While she establishes strong vocals from the beginning, her range is shown on “Low,” which recalls early recordings from Rilo Kiley. Here, the piano treads lightly, and in the same manner, Kathryn softly lets her voice float atop the musical accompaniment, not pushing too hard to make it all work cohesively. This same approach to her songwriting is used a lot on Are You My Mother, but she has the capability to turn her vocal tool in different directions, such as she does during the chorus on “Arrow.” Such warm vocals definitely encourage you to fall head over heals with every word, and every uttered sound.
One of the great things about the record is that despite the vocal similarities on many of the tracks, she seems to push herself into direction that you might not expect her, challenging you, the listener. “Follow Me Into the Hills” has a folk quality to it that you can grasp from her other collaborations, but it’s successful here in that it takes you down a different path than the preceding songs. “A Day Long Past its Prime” takes a driving momentum to push the song forward, and male vocal accompaniment gives the album a bit of a heavier tone, albeit for a brief moment. It’s those little touches that demonstrate her willingness to build her own musical resume, differentiating herself as she goes along.
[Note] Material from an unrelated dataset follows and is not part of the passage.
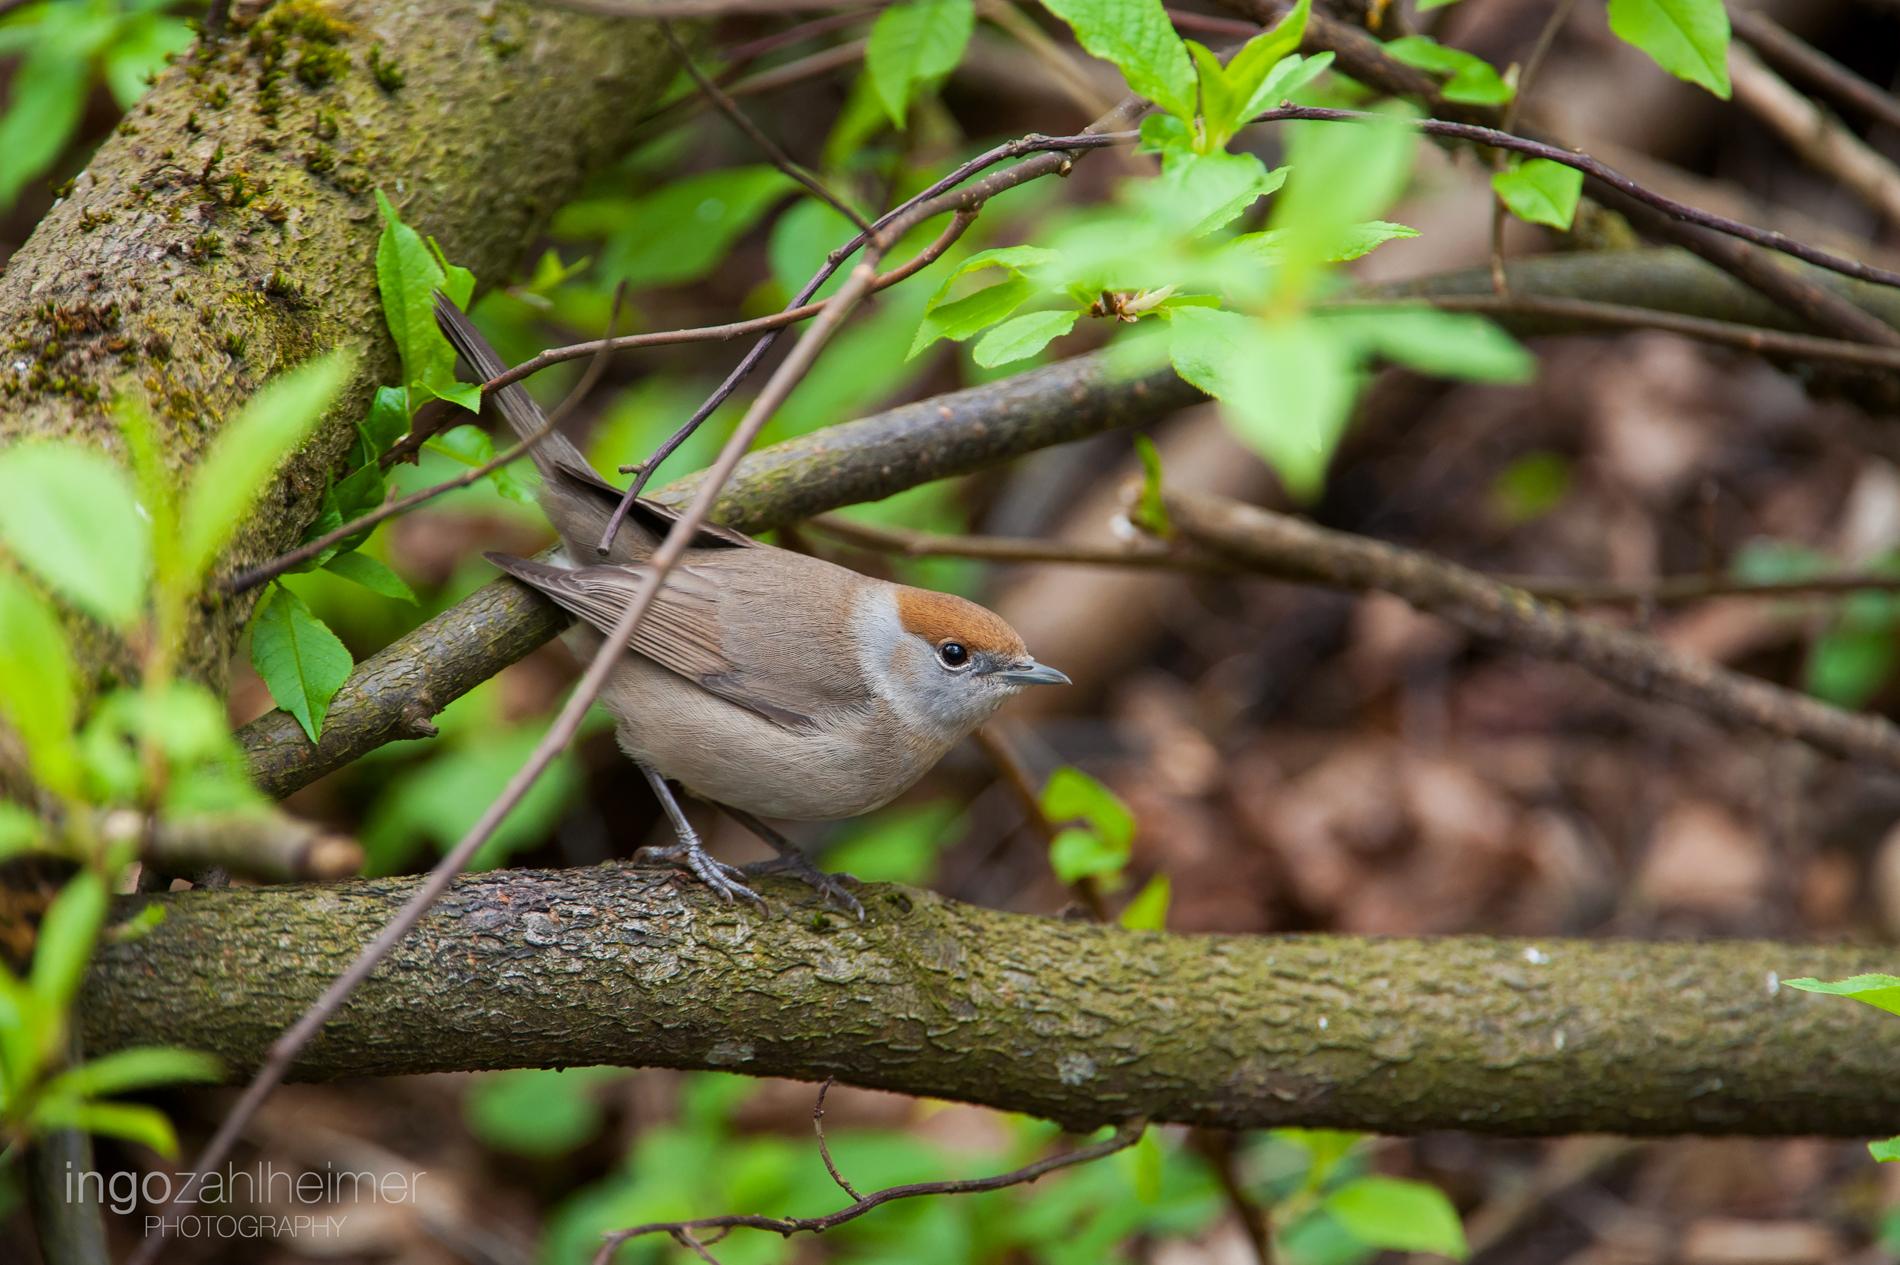 Mönchsgrasmücke, Weibchen. Das Männchen hat eine schwarze Kappe, anstatt einer Braunen. Beide kamen an den Bach.

Closing out the album is a soft little touch titled “All It Is.” Her voice has a bit of a whisper to it, giving you the impression of listening to an intimate confession. It ends things with a crashing chorus, a magnificent summation of the record and its emotive powers. From the production of Are You My Mother to Kathryn Calder‘s incredibly delicate voice, you see the rise of a solitary musician. Her hard work honing her craft definitely has paid off here, creating a gentle collection of pop songs capable of warming your heart and spirit.